> [Collected material]:
########################################

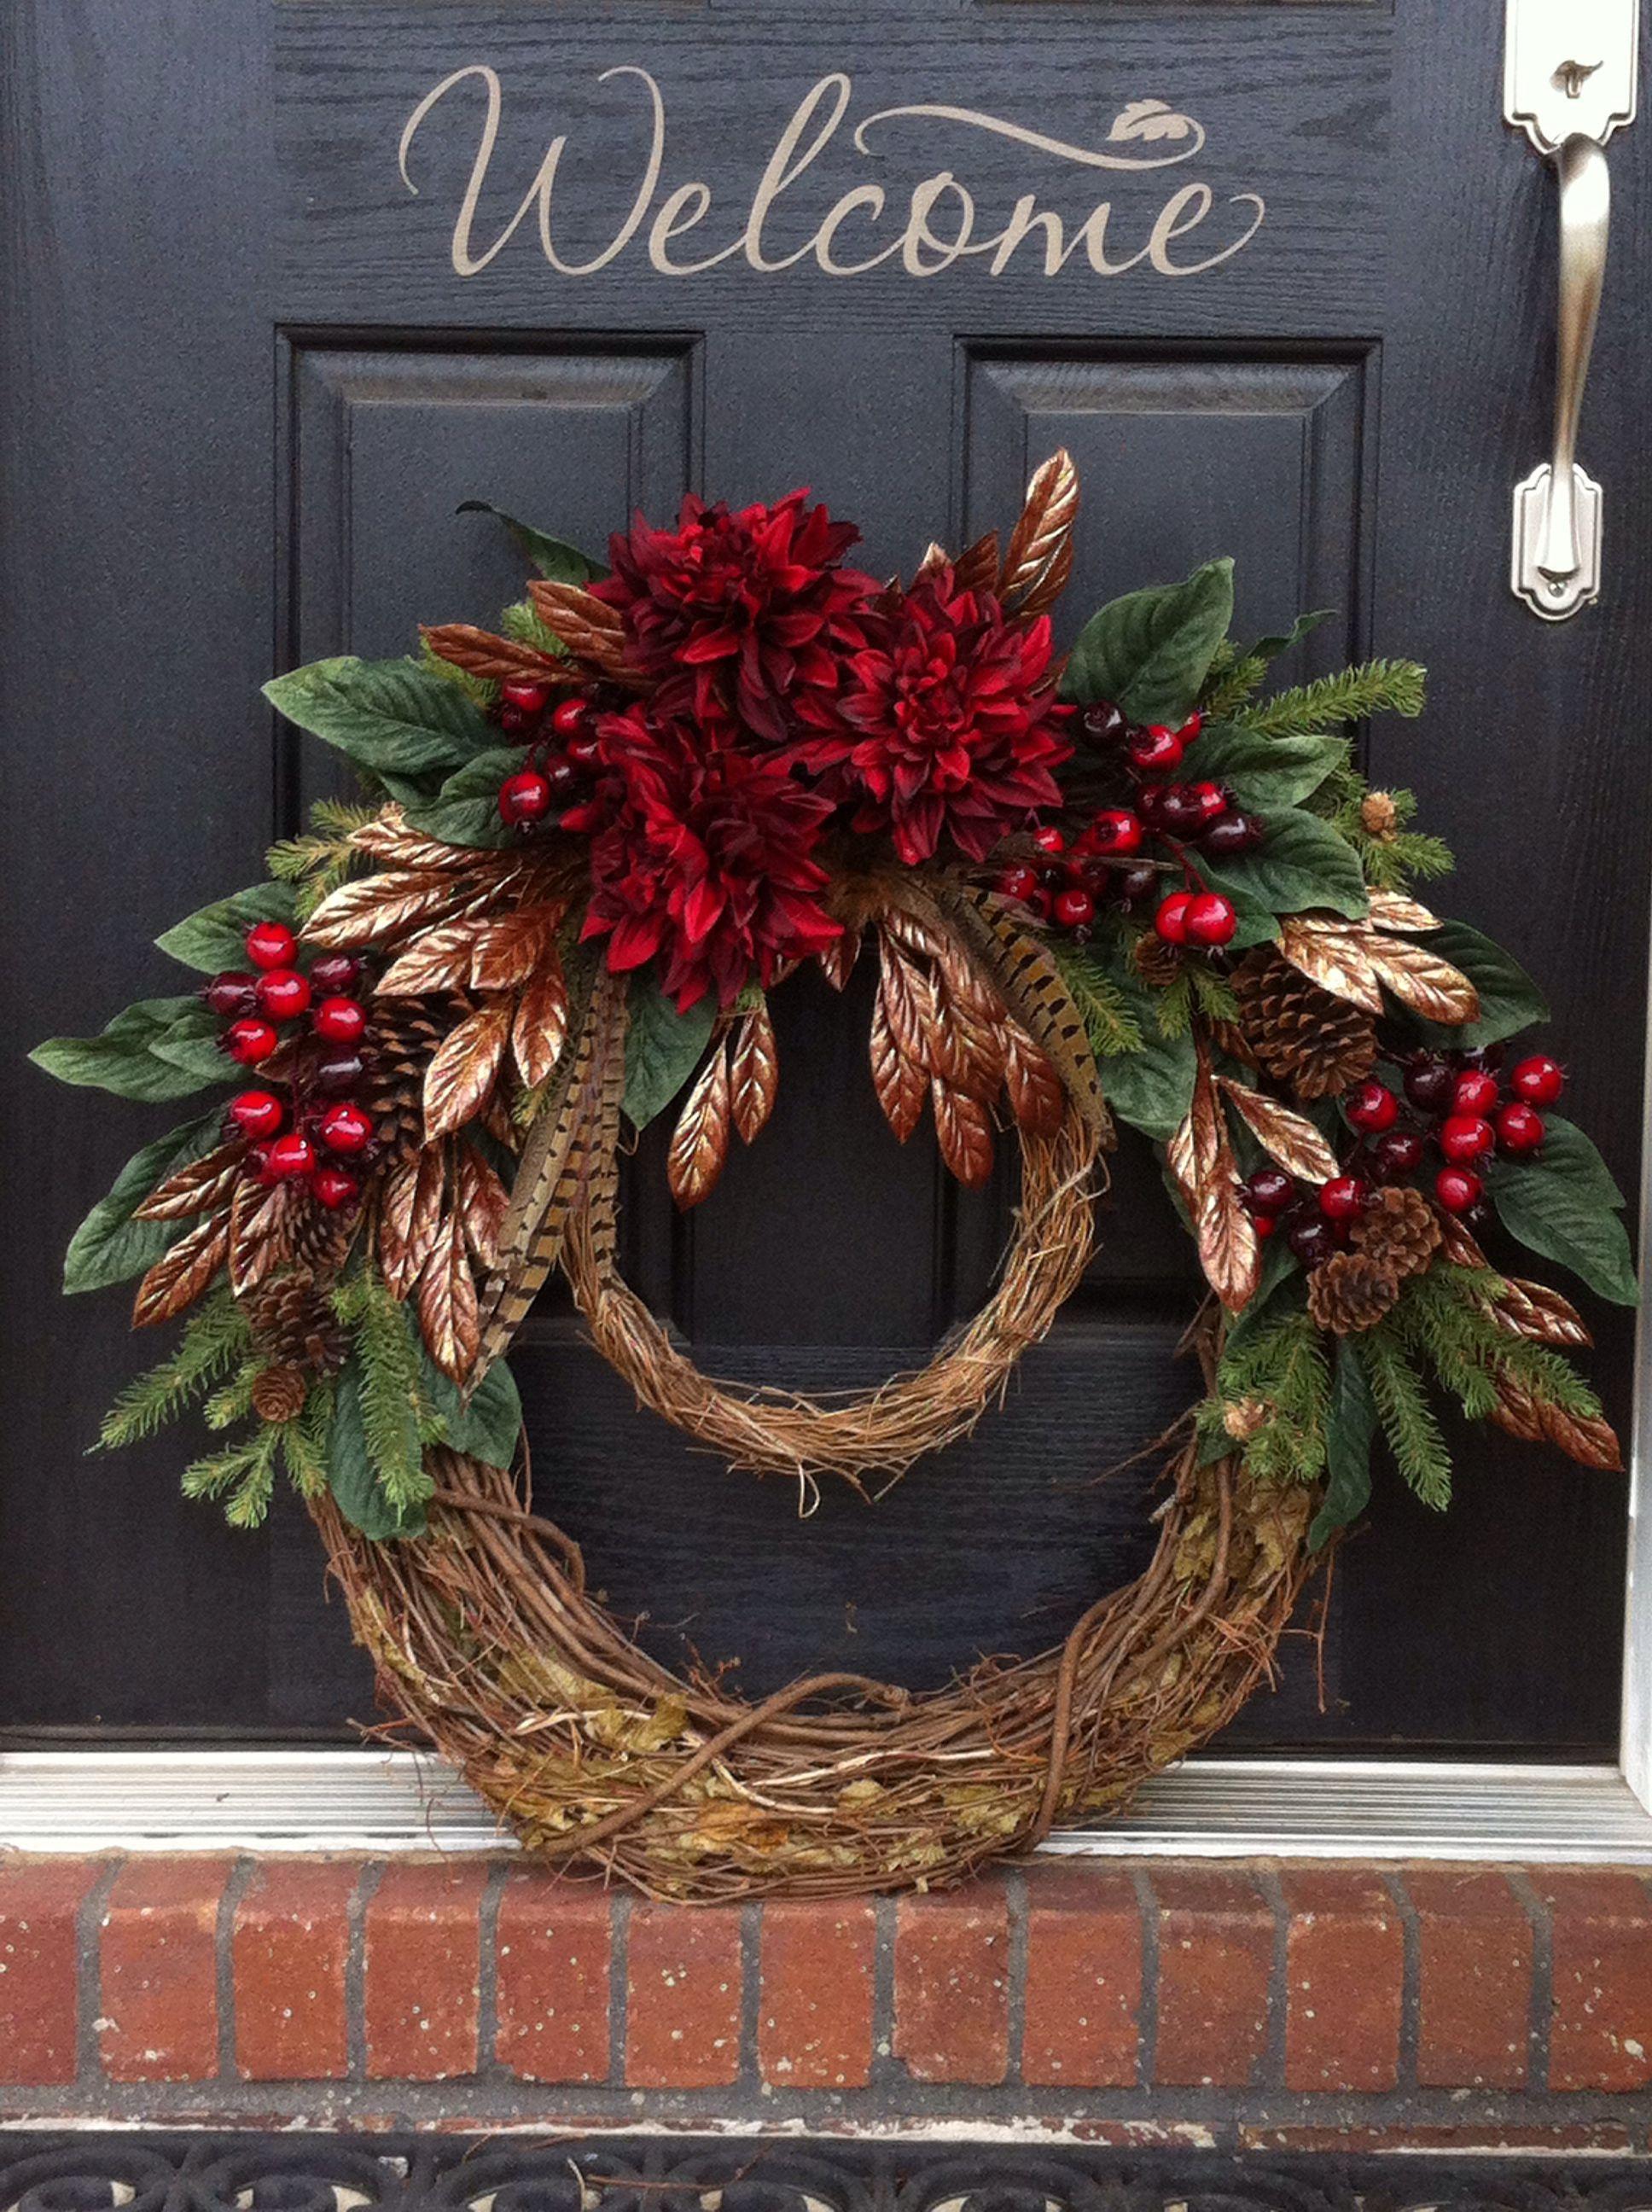 01ebefe91e76f 20 ideas para decorar tu casa esta Navidad sin gastar
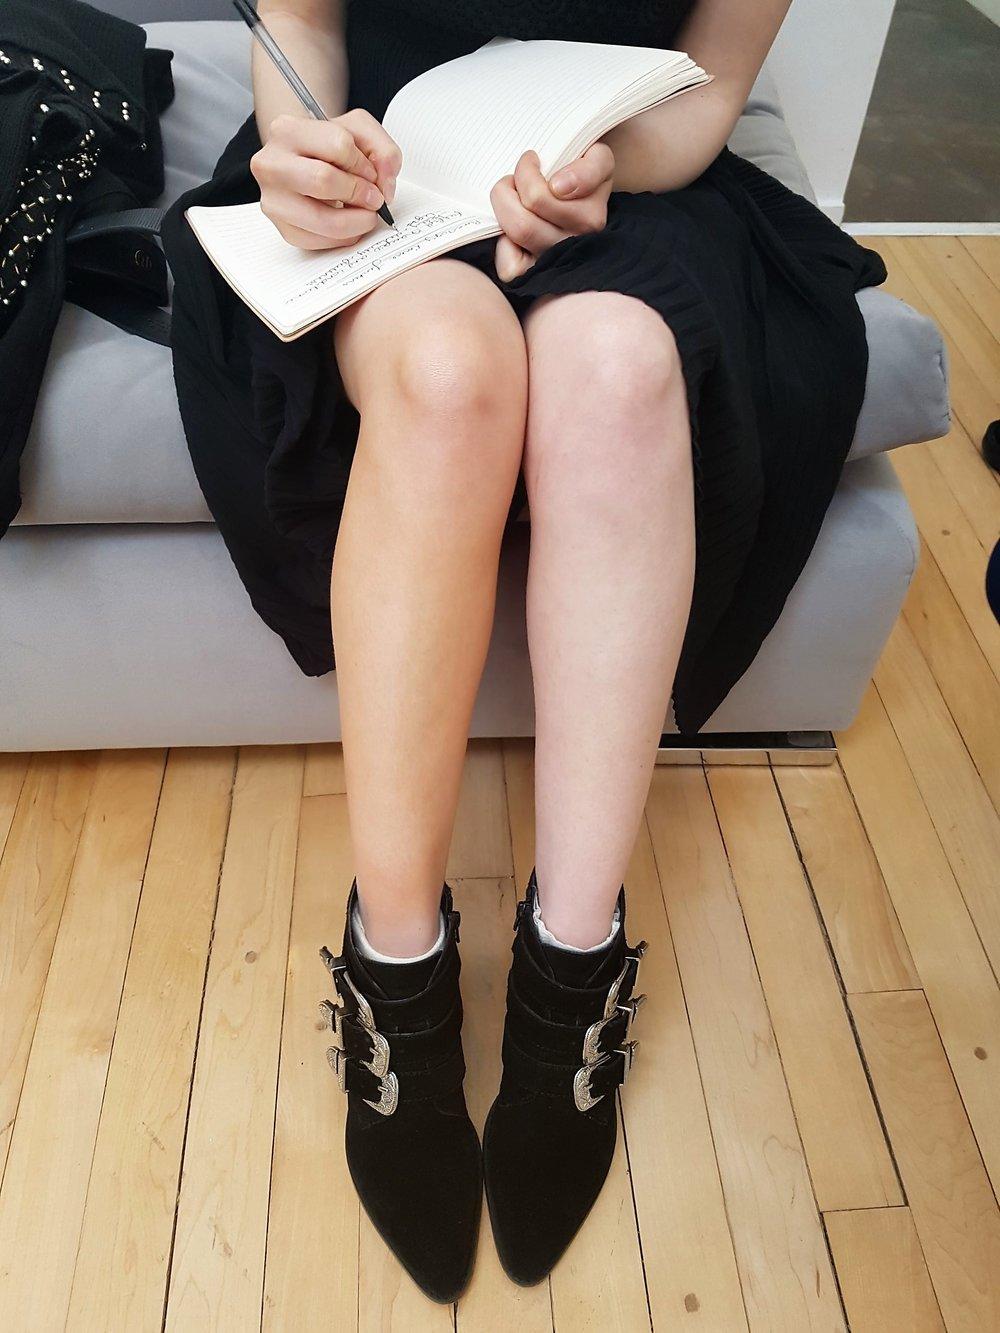 amelia's legs.jpg
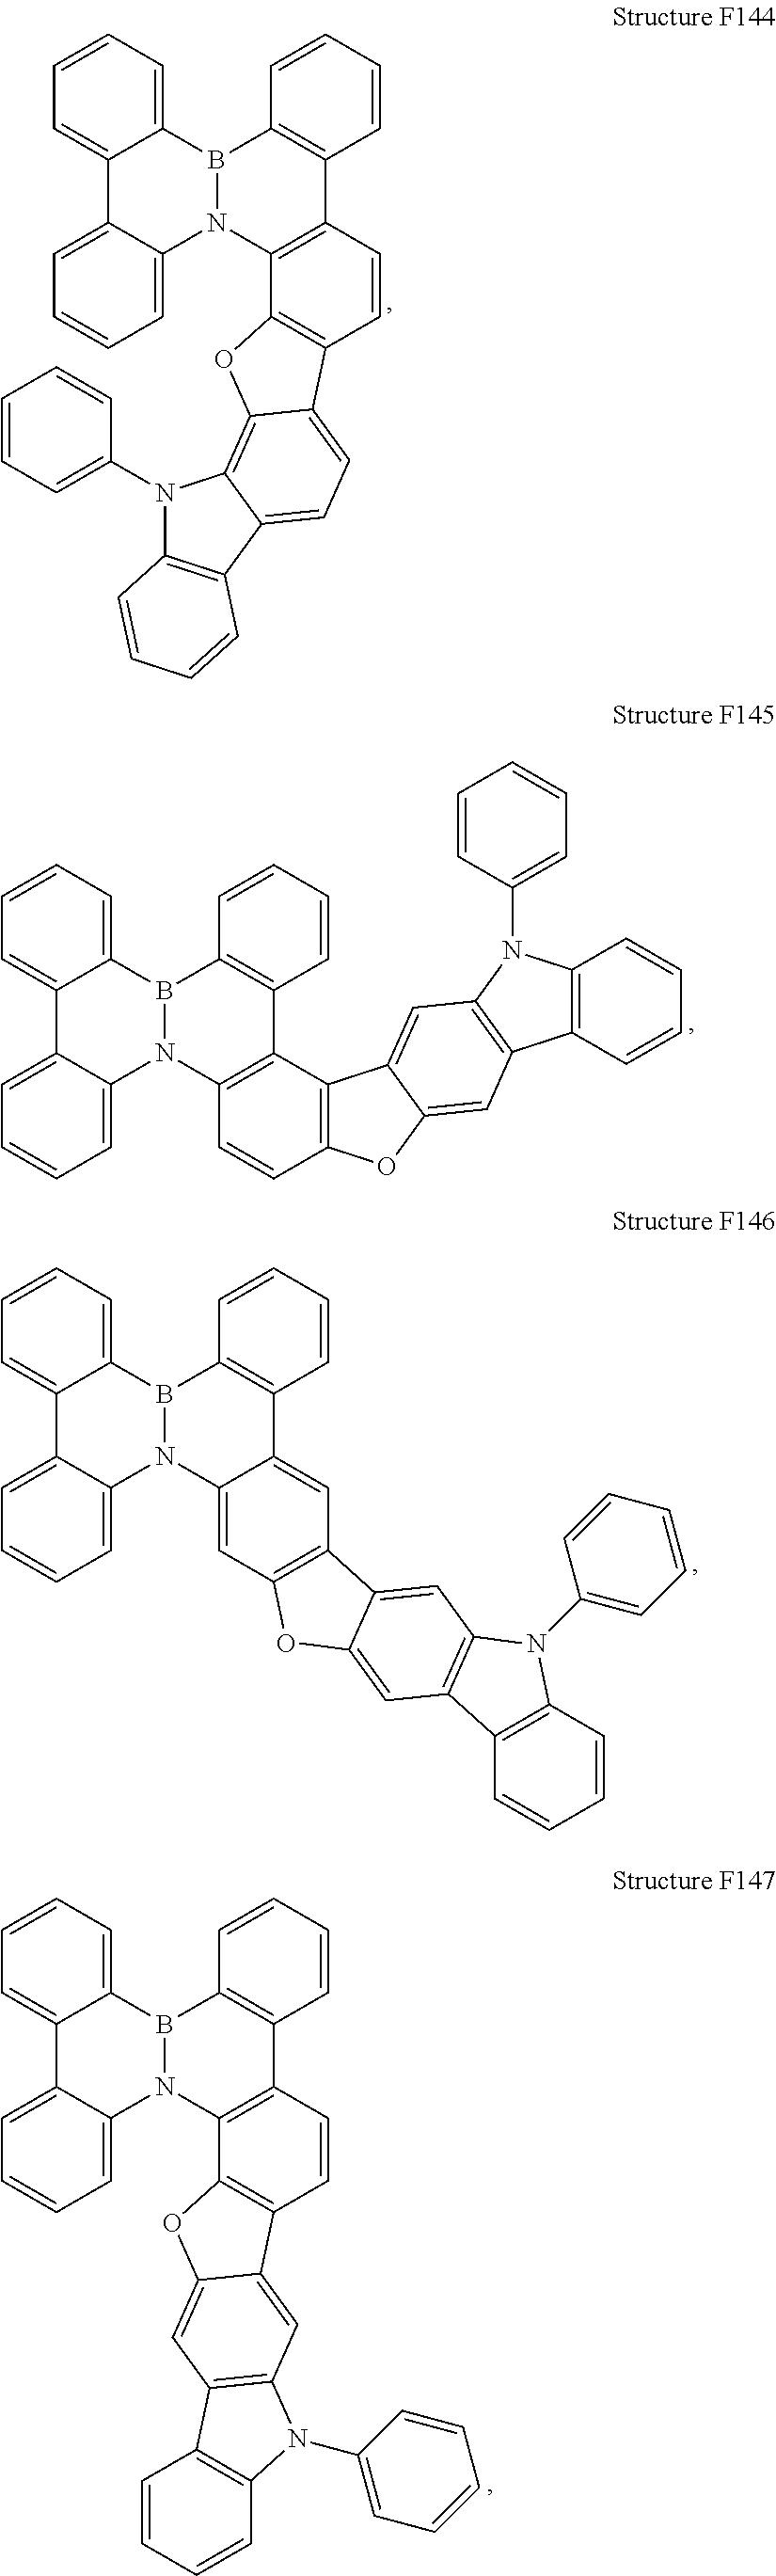 Figure US09871212-20180116-C00369

########################################

> [Task statement]: Exclude the pictures from the copy. Retype exactly the lines running from the one containing "amelia's legs.jpg" through the last line of the listing.

> [Expected answer]:
 amelia's legs.jpg
 Figure US09871212-20180116-C00369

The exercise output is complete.